I squeezed the funding from various Rockledge projects and kept it as quiet as I could. Half a billion dollars might seem like small change to a hundred-billion-dollar corporation such as Rockledge, but still, one should be careful. For nearly two years I didn’t see Sam at all (much to my relief), except for monthly progress reports that he sent through my private laser link from the Rockledge office in Selene. I lived in fear that I’d be discovered, and in dread of the next annual meeting of the board of directors.

The corporate comptroller assigned Ms. Marlowe, of all people, to the Hell Crater project. I spoke to her only by phone or e-link. I was very careful not to have any face-to-face meetings with her, which Sam could turn into more material for his blackmail.

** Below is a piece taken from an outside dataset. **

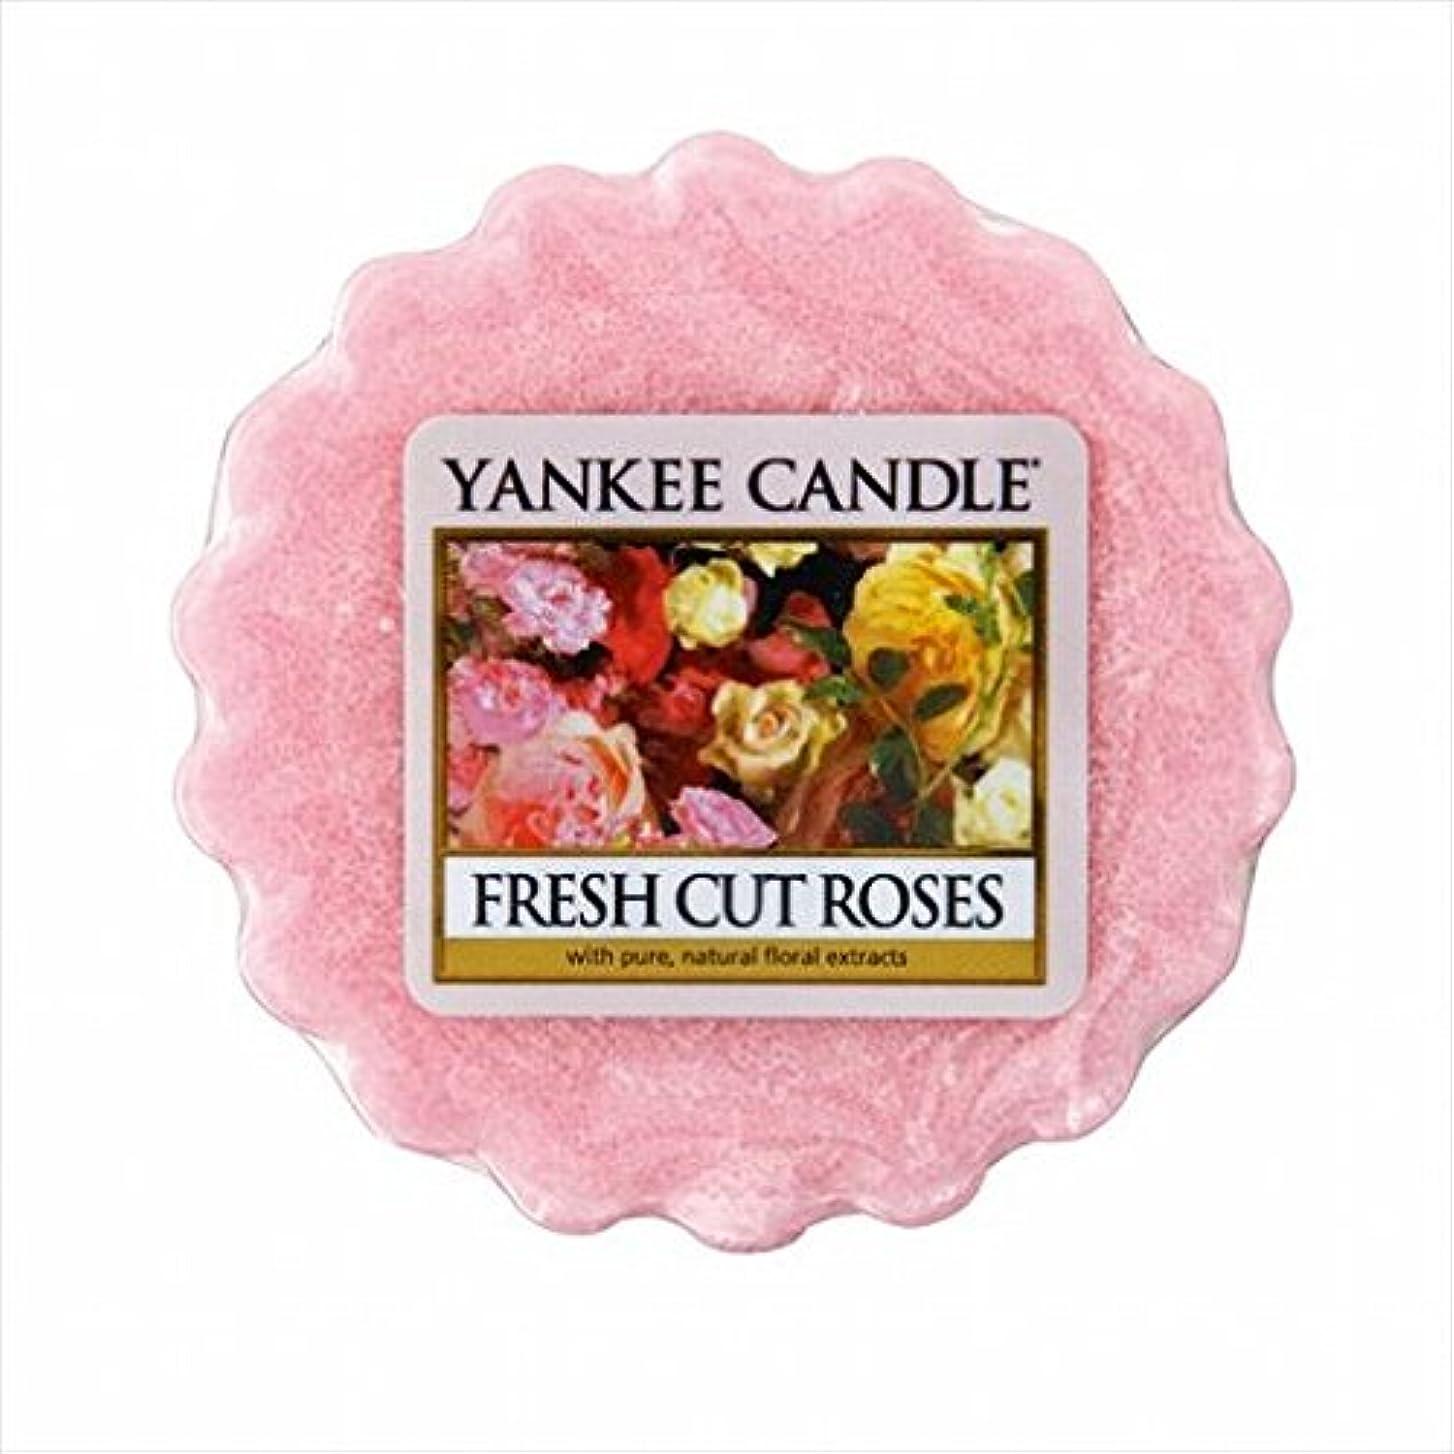 弾薬フィット癌カメヤマキャンドル( kameyama candle ) YANKEE CANDLE タルト ワックスポプリ 「 フレッシュカットローズ 」

I must confess that Sam ran the project efficiently and energetically. Major construction projects always run into snags, but the Hell Crater complex was built smoothly and swiftly.

“We’ll be ready to open by the time your next annual board meeting convenes,” Sam told me, by laser link from the Moon.

I confessed, “I can’t understand how you managed to get it built so quickly.”

He grinned that lopsided pumpkin grin of his. “I paid off the right people, Pierre.”